6 Radial binary classifiers with movable centers

The procedure of ranked layer designing (17) involves the search (Stage 2) for the optimal homogeneous balls \(B_{j^*}({\mathbf{x}}_{j^*}[n],\rho _{j^*})\) (13). Each optimal ball \(B_{j^*}({\mathbf{x}}_{j^*}[n],\rho _{j^*})\) should be distinguished by a large number \(M_{j^*}\) (16) of feature vectors \({\mathbf{x}}_j[n]\) from one of the \(K\) learning sets \(C_k\) (1).

The search for the optimal ball \(B_{j^*}({\mathbf{x}}_{j^*}[n],\rho _{j^*})\) (13) can be based on the sequencing of feature vectors \({\mathbf{x}}_j[n]\) (1) according to the distances \(\delta ({\mathbf{x}}_j[n],{\mathbf{x}}_{j'}[n])\) (7) from the current central vector \({\mathbf{x}}_{j'}[n]\) used in the ball \(B_{j'}({\mathbf{x}}_{j'}[n],\rho _{j'})\) (Fig. 2). The symbol \({\mathbf{x}}_{j(b)}[n]\) (\({\mathbf{x}}_{j(b)}[n] \notin C_k\)) stands for the closest vector to the central vector \({\mathbf{x}}_{j'}[n]\) (\({\mathbf{x}}_{j'}[n] \in C_k\) (1)):
$$\begin{aligned} (\forall {\mathbf{x}}_j[n]\notin C_k) \ \delta ({\mathbf{x}}_{j'}[n],{\mathbf{x}}_{j(b)}[n])\le \delta ({\mathbf{x}}_{j'}[n],{\mathbf{x}}_{j}[n]) \end{aligned}$$
(27)

Remark 2

The maximal homogeneous ball \(B_{j'}({\mathbf{x}}_{j'}[n],\rho _{j'})\) (13) with the center in point \({\mathbf{x}}_{j'}[n]\) has radius \(\rho _{j'}\) equal to \(\delta ({\mathbf{x}}_{j'}[n],{\mathbf{x}}_{j(b)}[n])\) (27):
$$\begin{aligned} \rho _{j'}=\delta ({\mathbf{x}}_{j'}[n],{\mathbf{x}}_{j(b)}[n]) \end{aligned}$$
(28)

Remark 3

The ball \(B_{j'}({\mathbf{x}}_{j'}[n],\rho _{j'})\) (13) with the center in point \({\mathbf{c}}_{j'}[n]\) (\({\mathbf{c}}_{j'}[n]={\mathbf{x}}_{j'}[n]\)) and radius \(\rho _{j'}\) (28) contains the maximal number \(M_{j'}\) of feature vectors \({\mathbf{x}}_j[n]\) among all the other homogeneous balls \(B_{j'}({\mathbf{x}}_{j'}[n],\rho _{j'})\) (13) centered in this point.

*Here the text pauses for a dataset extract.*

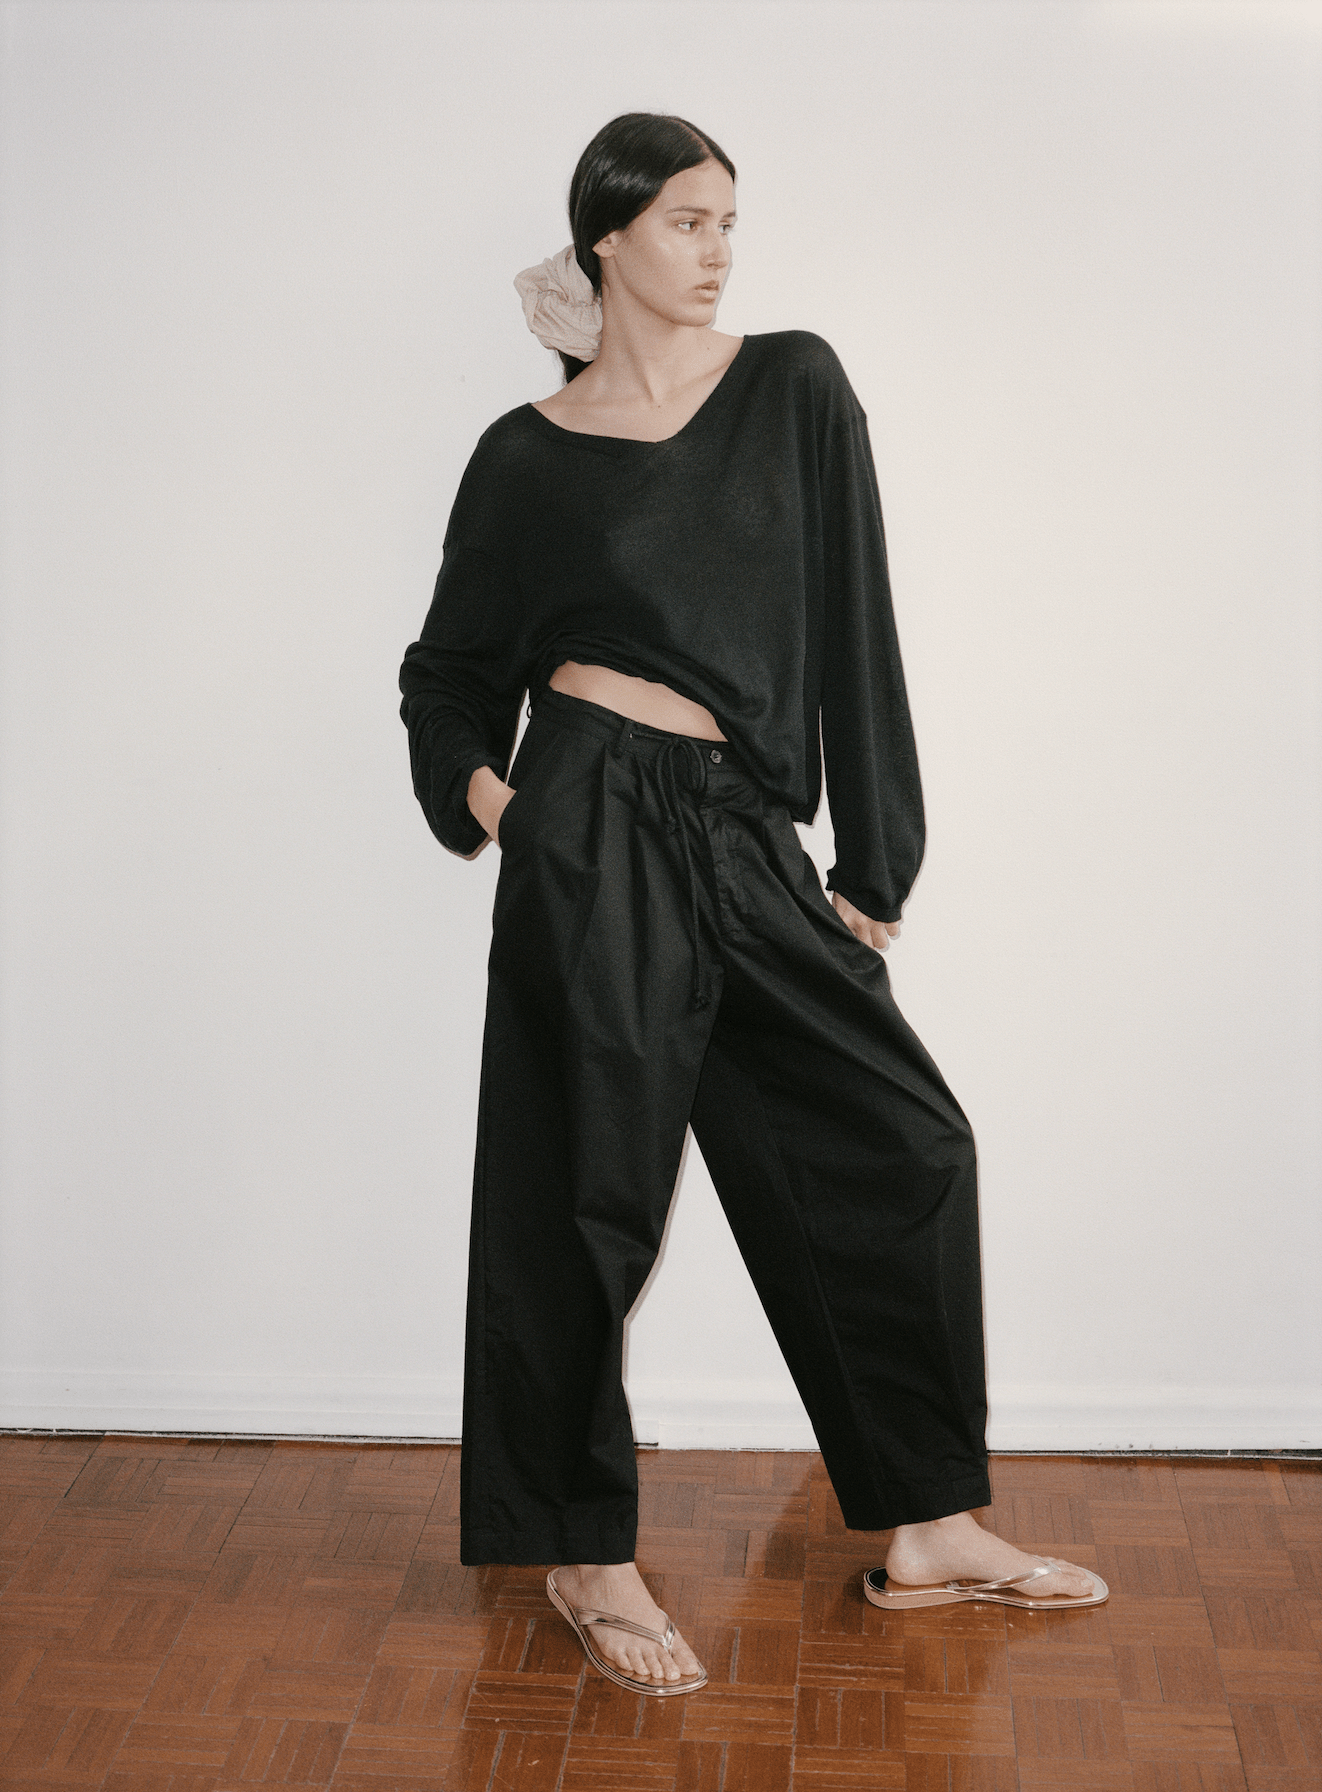 Female model wears the Deiji Studios Loose Long Sleeve Knitted Top in black, styled with the Cotton Pant in black and Scrunchie in Sand Stripe worn in hair. Pant has a drawcord waist, belt loops and a relaxed tapered leg.

In some cases, the number \(M_j\) of feature vectors \({\mathbf{x}}_j[n]\) contained in the homogeneous ball \(B_j({\mathbf{c}}_j[n],\rho _j\)) (13) can be increased by the center \({\mathbf{c}}_j[n]\) displacement (movable center), where
$$\begin{aligned} (\forall j=1,\ldots ,m) \ B_j({\mathbf{c}}_j[n],\rho _j)= \{{\mathbf{x}}[n]:({\mathbf{x}}[n]-{\mathbf{c}}_j[n])^T({\mathbf{x}}[n]-{\mathbf{c}}_j[n])<\rho _i^2\} \end{aligned}$$
(29)
We can distinguish two types of procedures for center \({\mathbf{c}}_j[n]\) displacements:
$$\begin{aligned} &i.\,\text{displacements based on averaging}\\ &ii.\, \text {radial displacements}\end{aligned}$$
(30)
Both of these procedures start from homogeneous ball \(B_j({\mathbf{c}}_j[n],\rho _j)\) (13) with the center in point \({\mathbf{c}}_j[n]={\mathbf{x}}_j[n]\) (\({\mathbf{x}}_j[n] \in C_k\) (1)) and maximal radius \(\rho _j=\delta ({\mathbf{c}}_j[n],{\mathbf{x}}_{j(b)}[n])\) (28) (Fig. 2).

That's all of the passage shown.